KR20130115992A - Ignition coil with energy storage and transformation - Google Patents

Abstract

The present invention relates to an energy storage and conversion device which makes it possible to store higher levels of energy in an ignition coil, using a coil with permanent magnets inside the main magnetic core and an auxiliary magnetic core that closes the magnetic path of the main magnetic core. will be.

Description

Ignition coils with energy storage and conversion {IGNITION COIL WITH ENERGY STORAGE AND TRANSFORMATION}

The present invention relates to energy storage and energy conversion devices and methods.

Devices for energy storage and energy conversion actually represent a high voltage source for transmitting energy, which is used to activate the spark plugs, in particular in engines operating according to the spark ignition principle, and then to ignite the fuel mixture in the combustion chamber of the internal combustion engine. It is known as an ignition coil. In such energy storage devices and converters embedded in ignition coils, the relatively low supply voltage of electrical energy, typically from a direct current vehicle electrical system, is converted into high voltage electrical energy at the desired point at which the ignition pulse is delivered to the spark plug.

To convert electrical energy into magnetic energy, the system current of the vehicle flows through a first coil, which is traditionally a copper wire winding, and as a result a magnetic field is formed around this coil, which has a specific direction, It is a closed line magnetic field. In order to deliver the stored electrical energy in the form of high voltage pulses, the already formed magnetic field is changed in direction by blocking the current, which is physically located adjacent to the first coil and in a second coil with a much higher number of turns. Causes high electrical voltages to form. The conversion of the current electrical energy at the spark plugs causes the magnetic field already formed to disappear and discharge the ignition coil. The design of the second winding enables the high voltage, spark current, and spark duration in the ignition of the internal combustion engine to be set as needed.

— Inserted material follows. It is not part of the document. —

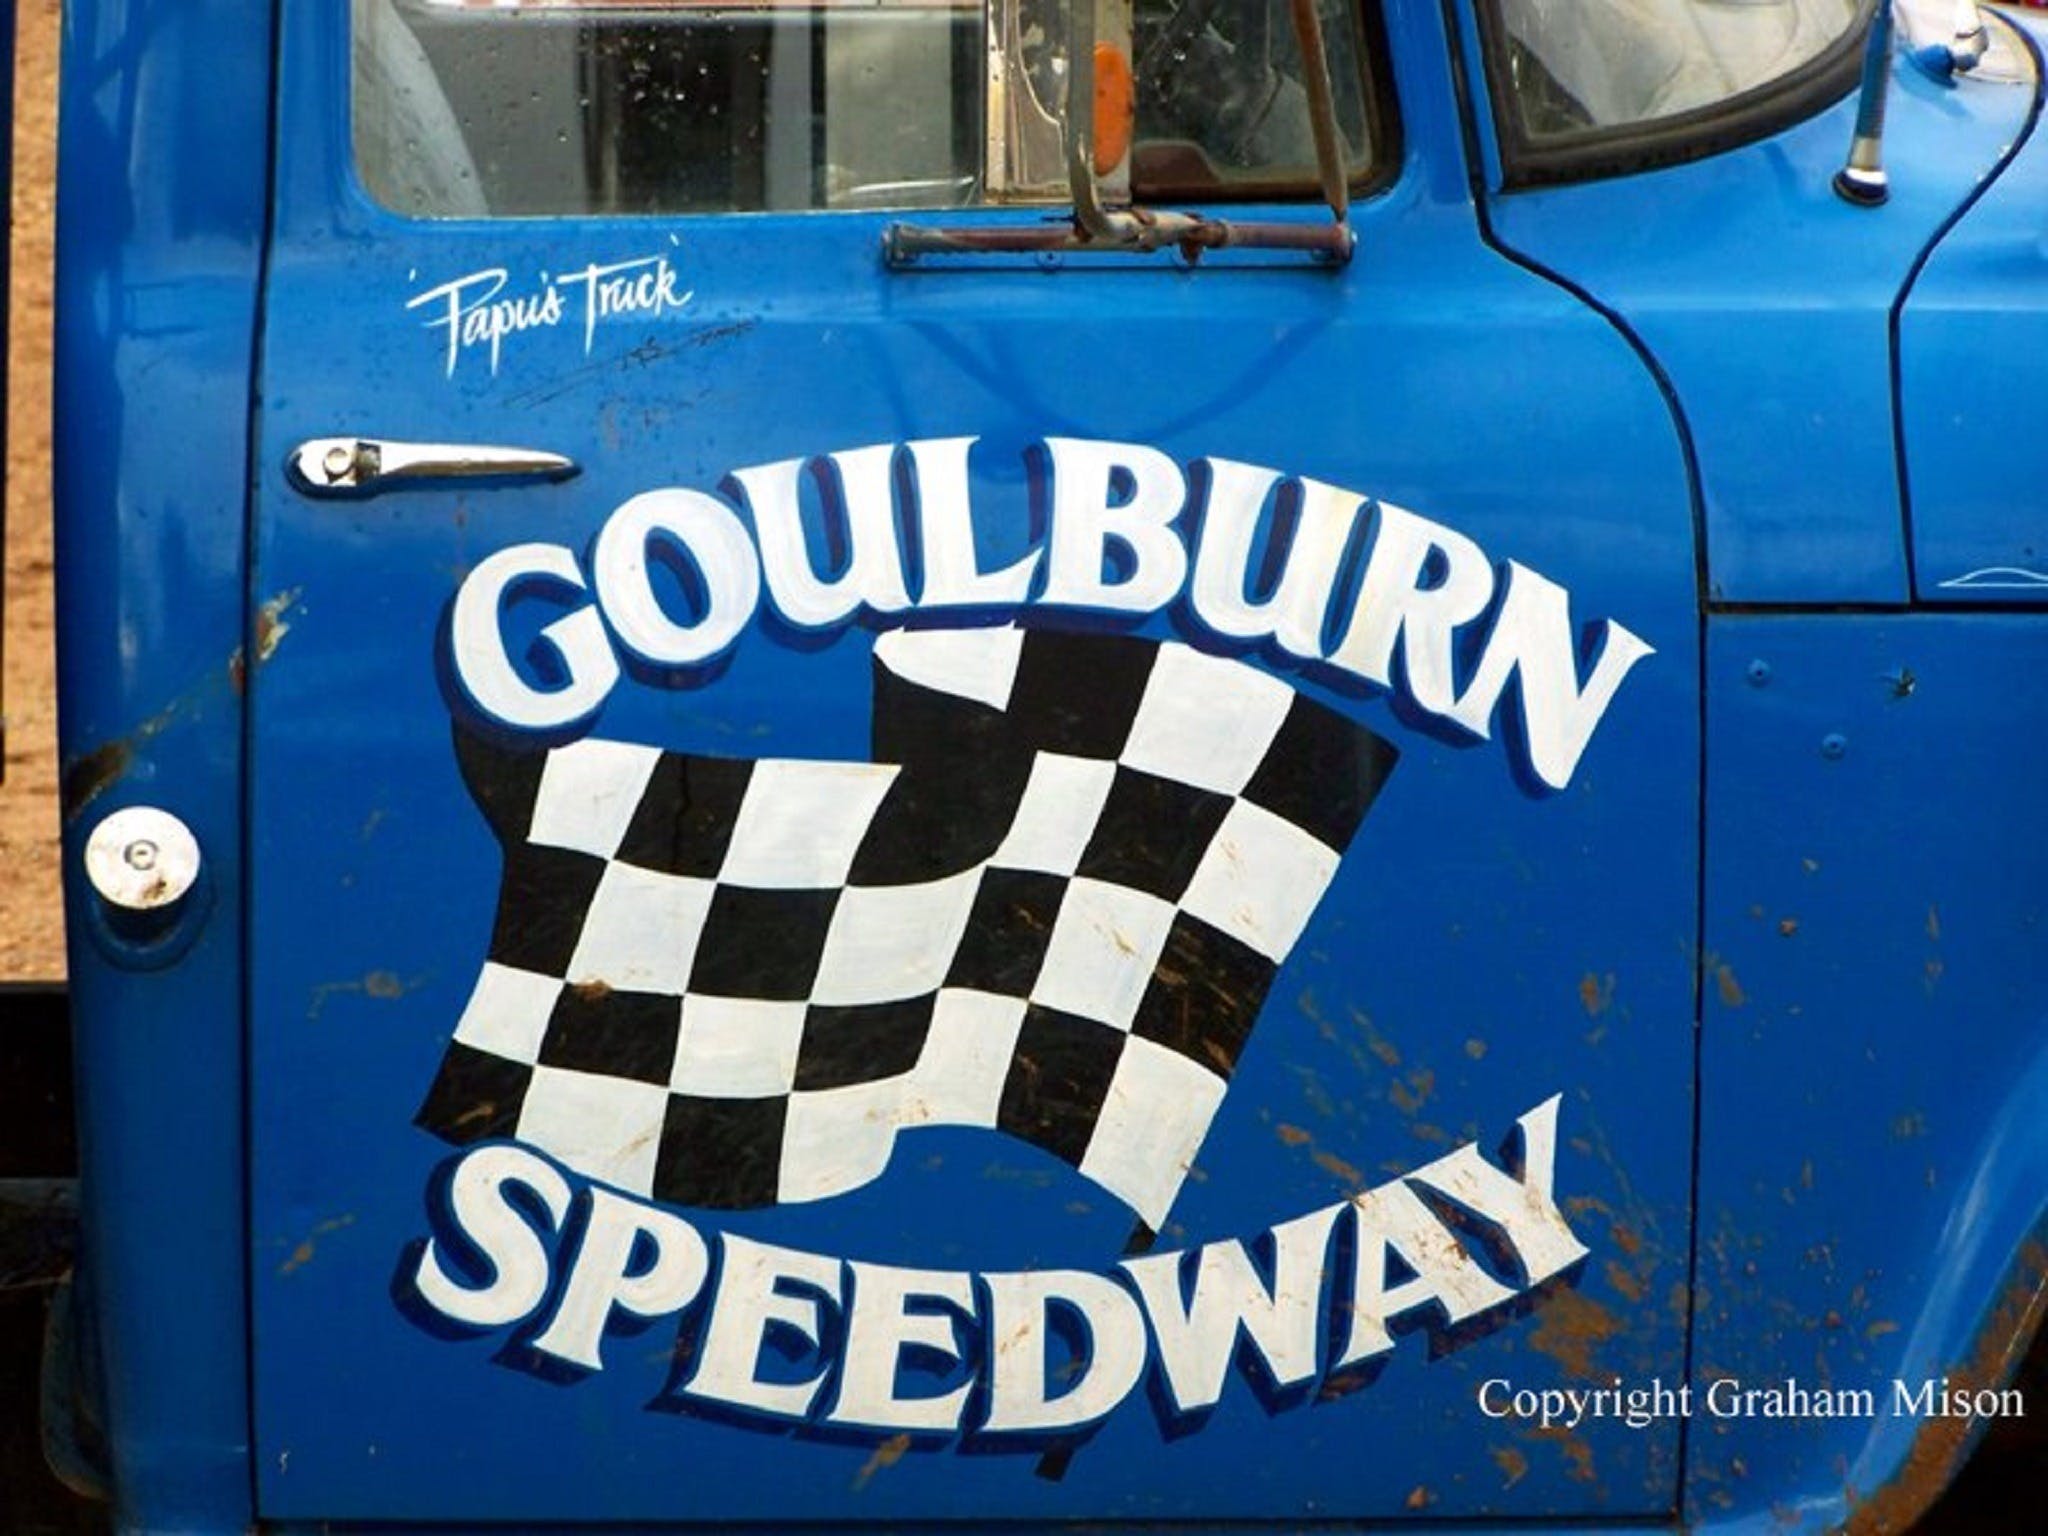 50 years of racing at Goulburn Speedway - Tourism Canberra

All ignition coils have an I core made of ferromagnetic material, for example iron. Therefore, the I core is a rod-shaped or rectangular iron core, the cross section of which may be made of a sheet of soft iron sheet. In the known art, the arrangement of the coils and I cores can vary widely, but the coils are typically radially nested with the I cores and installed concentrically. In addition, in practice with this type of I core, it is common to provide a peripheral core made of ferromagnetic material that surrounds the longitudinal range of the coil and is also called an "O core" or "ferromagnetic circuit." To reduce losses when forming and eliminating magnetic fields, these peripheral cores are also typically a combination of layered iron malellaes.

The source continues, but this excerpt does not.